Peccato, perché la giornata era iniziata proprio bene: sole, caldo, gabbiani in festa (e non sulla mia macchina), bambini di ottimo umore. Prendo un caffè in centro con un paio di amiche, facciamo due passi in un clima festoso in cui c'è un sacco di gente che suona in mezzo alla strada: c'è quello con la chitarra che fa musica folk, quello con il sax che fa un po' di blues, quello con la fisarmonica e quello con la pianola. Poi c'è pure un trio d'archi, che pare faccia parte dell'orchestra del teatro lirico, che con tanto di spartiti suonano arie famose. Mi ridimensiono subito: più che un clima di festa, è un clima di crisi economica, in cui ognuno cerca di sopravvivere come può. Ma non mi lascio adombrare; oggi dobbiamo comprare il regalo di compleanno per la compagna d'asilo del mio primogenito, che compie cinque anni. Interrogato al riguardo, mio figlio dice convinto che la bambina gradirebbe molto una Barbie su un cavallo.
"Ma sei sicuro che le piaccia?"
"Sì, certo"
"Ma non è che ce l'ha già?"
"Sì, ma ha solo il cavallo"
"E quindi vuole una Barbie da metterci sopra?"
"Sì, con un bel vestito da principessa"
"Ma se si veste da principessa, non credo che possa andare a cavallo poi..."
E ho iniziato a diventare pesante.
Comunque, seppur con qualche resistenza, decido di entrare nel negozio di giocattoli e di comprare una Barbie amazzone, o semplicemente cavallerizza. Già me la immagino, con gli stivali, il frustino, il cappello, una gicchetta corta di velluto e la coda di cavallo. Appunto. Penso allo spot When I grow up e mi rilasso: adesso non ci sono più soltanto le Barbie vestite a festa, o che si pettinano, o che firmano autografi. No, ci sarà il medico, il generale dell'esercito, la pittrice, la cantante rock, la scienziata. E la cavallerizza. L'ho vista la cavallerizza nello spot. C'era, me lo ricordo.
E invece.
Eccolo lo scaffale delle Barbie: Barbie principessa in blu, Barbie principessa in viola, Barbie col passeggino, Barbie bagnina di Baywatch, Barbie distesa su un morbido letto rosa, Barbie che fa il bucato (questa era talmente scioccante che l'ho fotografata).
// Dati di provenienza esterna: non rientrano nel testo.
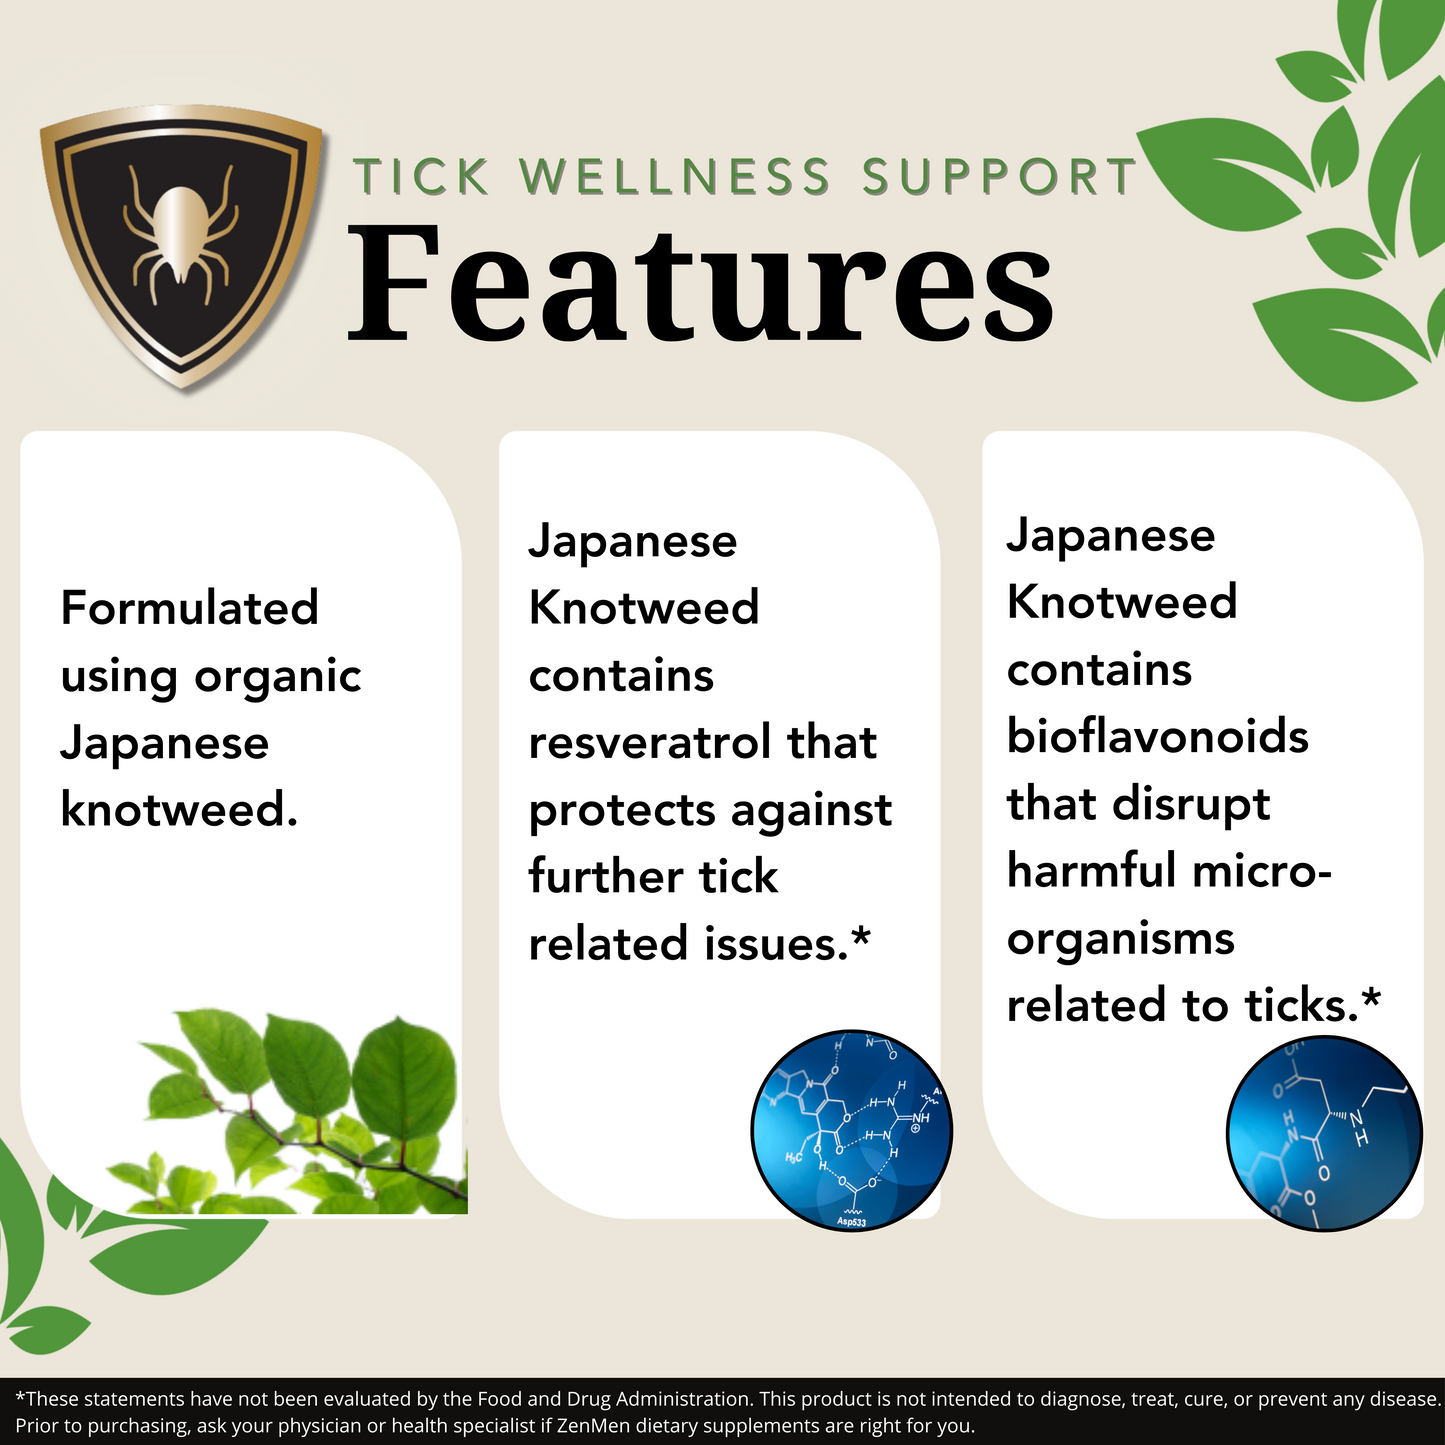 JAPANESE KNOTWEED SUPPLEMENT

L'unica eccezione era Barbie pilota di Ferrari, che infatti costava il triplo di tutte le altre. Della serie, se vuoi la libertà, la devi pagare.
Insomma, nei negozi la rivoluzione sessuale dello spot Mattel non sembra essere ancora arrivata. Siamo ancora al medioevo. Tante promesse, tante belle parole, ma poi? Poi niente, possiamo continuare a fare i lavori domestici. In tutto questo fra l'altro, scopro un nuovo prodotto, che si chiama "Ken il fidanzato ideale". Praticamente tu schiacci la pancia e lui registra la frase che dici (per un effetto più realistico dovrebbe dirla un uomo, o almeno il tuo compagno di asilo), e poi te la ripete a nastro. Penso all'effetto devastante sulla formazione psicologica di una bambina, che già cresce col mito fasullo del Principe Azzurro, da adesso anche con quello dell'uomo che ti dice ESATTAMENTE quello che vuoi sentirti dire. Pura fantascienza. Per dirla tutta, credo che Ken il fidanzato ideale, sia piuttosto un gadget adatto a quelle della mia età. Una sorta di pet therapy compensativa che fa bene all'autostima e all'umore. Credo lo comprerò. Prima frase: "Ma sei dimagrita?"
Comunque alla fine ho optato per un kit di creazione di collane e braccialetti, femminile ma creativo. Quella bambina un giorno mi ringrazierà.


martedì 7 dicembre 2010

Domanda esistenziale (ovvero, com'è strano questo San Nicolò)

Faccio un preambolo storico e vi parlo di San Nicola.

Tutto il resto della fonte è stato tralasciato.